Machine learning is proving increasingly essential for business intelligence providers’ efforts to improve the productivity of their users. Birst Inc. joined the fray today by launching a new version of its embedded analytics platform.
It employs the technology to streamline several key parts of the data lifecycle, starting with the initial task of importing records for processing. The software can now suggest what information sources a worker should use for a given project based on their colleagues’ activity. As a result, users have to spend less energy sifting through the countless spreadsheets, business documents and other files in their companies’ networks. The company says feature could potentially save a lot of time in a large company with multiple analytics teams.

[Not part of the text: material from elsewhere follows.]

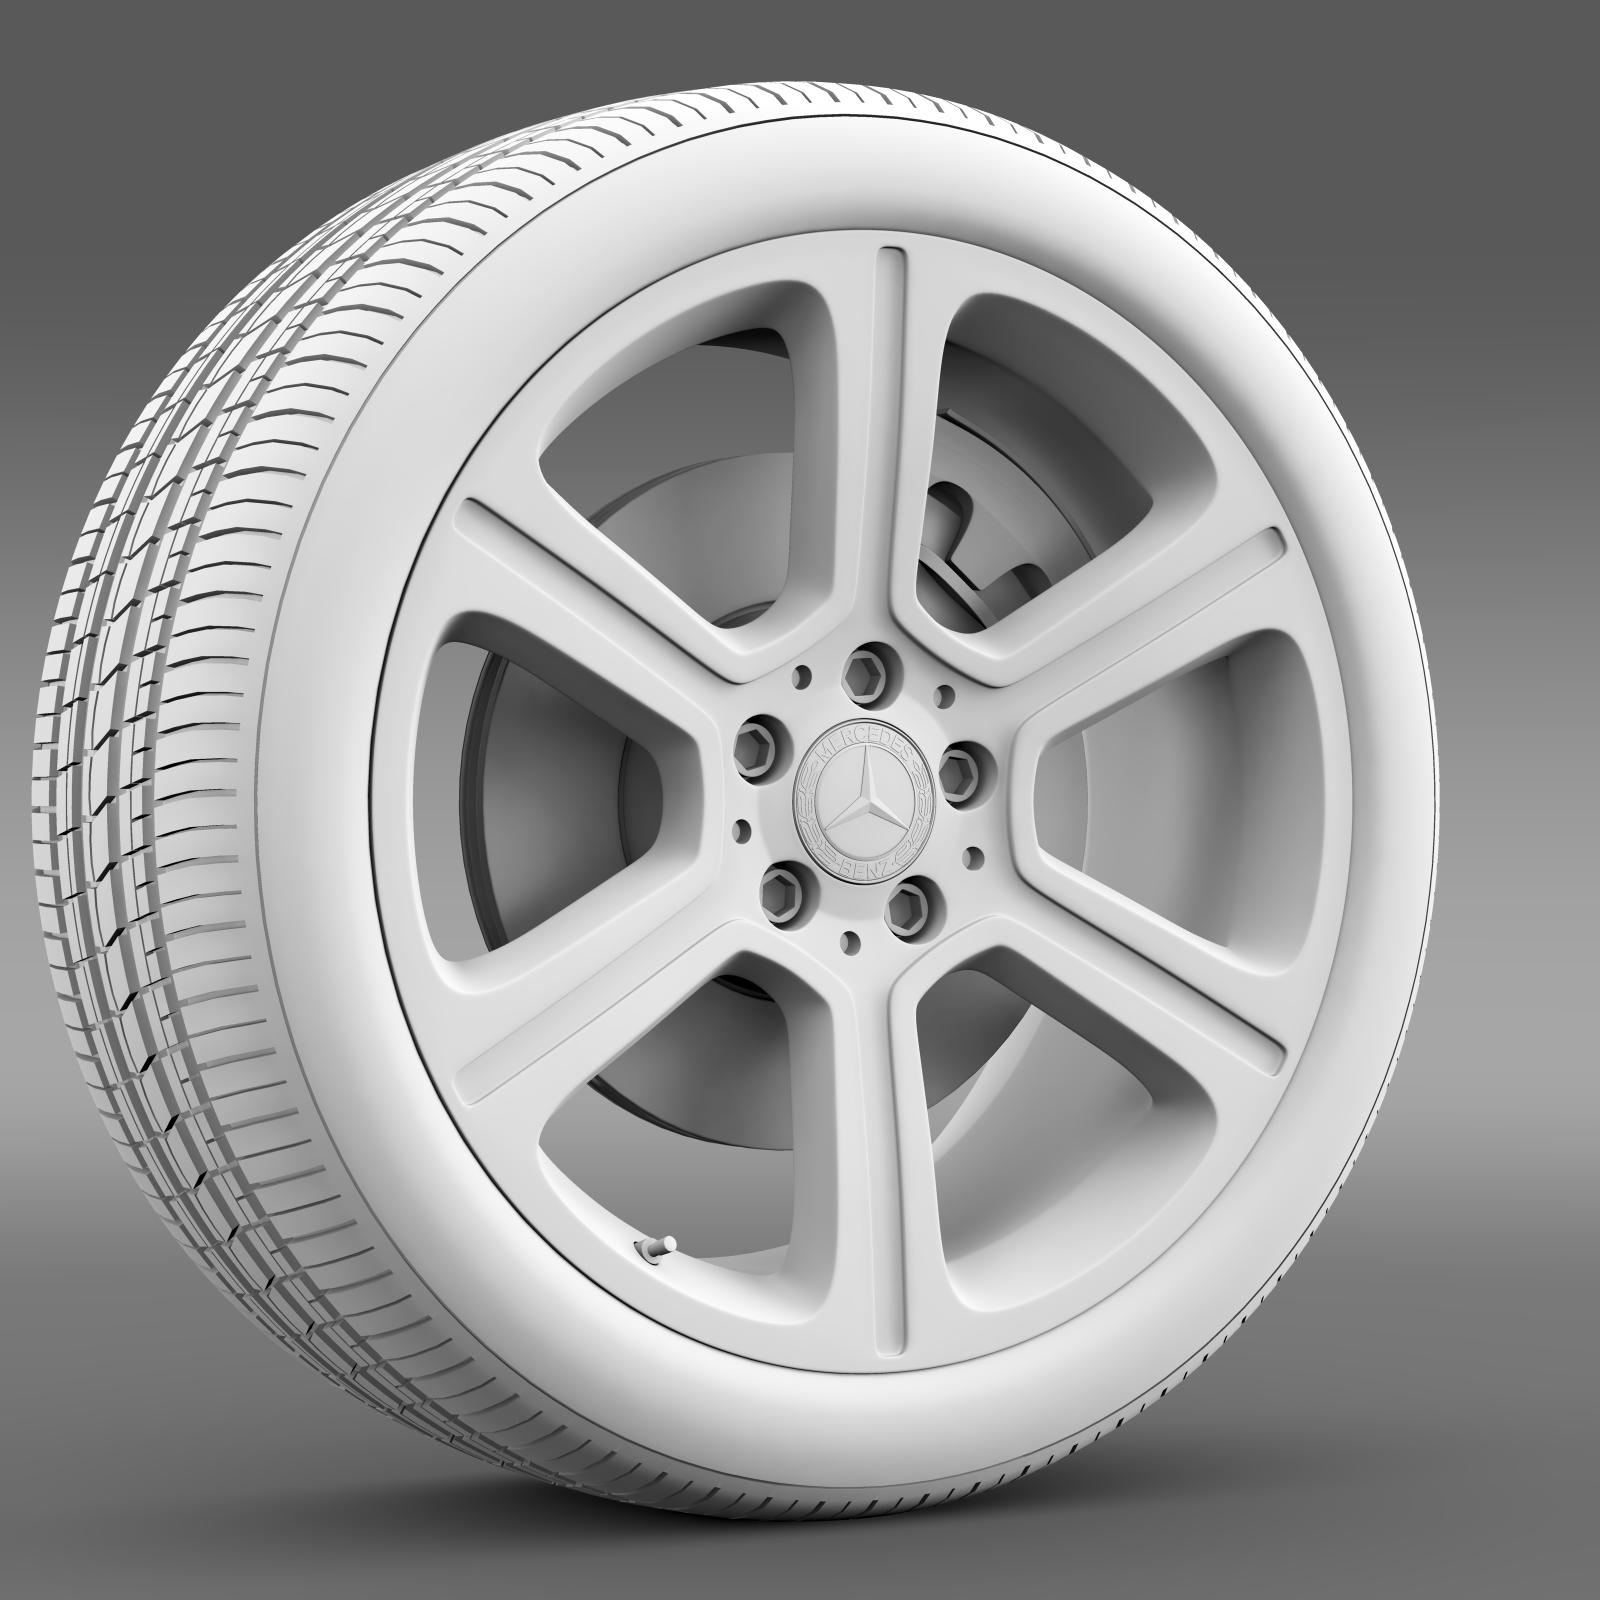 mercedes benz c 300 exclusive line wheel 3d model 3ds max fbx c4d lwo ma mb hrc xsi obj 210778

After a business intelligence analyst has identified the data they require, he or she can use Birst’s built-in connectors to import it from the source system. The startup says that its newly added machine learning algorithms automatically configure each connector to reduce the amount of manual work involved in the process. Then once the information is ready for processing, a revamped data preparation console makes it possible to quickly start uncovering patterns.

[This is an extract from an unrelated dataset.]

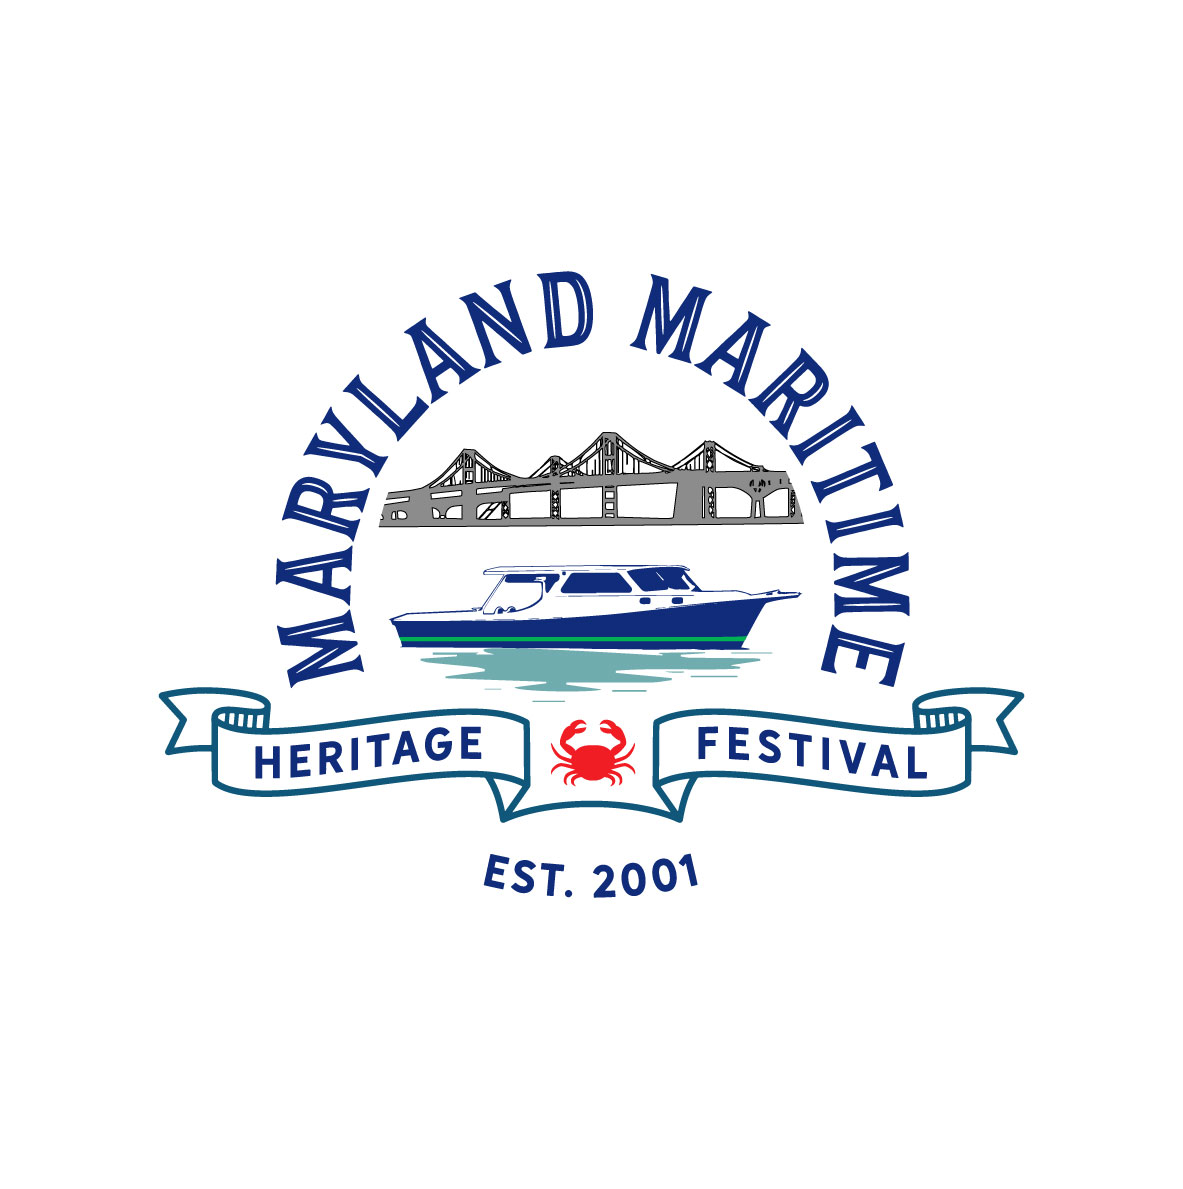 Maryland Maritime Heritage Club

Birst logs every change that users make to ensure that issues discovered later down the line can be traced back to the source. This metadata is accessible through a “semantic layer” that doubles as a way for teams to share key findings with one another. An analyst tasked with assessing their company’s sales performance, for example, could employ the feature to pull reports created by their peers and produce a more complete view of operations.
The new features complement the visualization engine that Birst introduced as part of the previous major update to its platform. The startup has been investing heavily in feature development since its $65 million funding round last May, which was led by Wellington Management Company LLP. The investment giant was joined by all of Birst’s existing backers including Silicon Valley heavyweight Sequoia Capital, Hummer Winblad, DAG Ventures and Northgate Capital.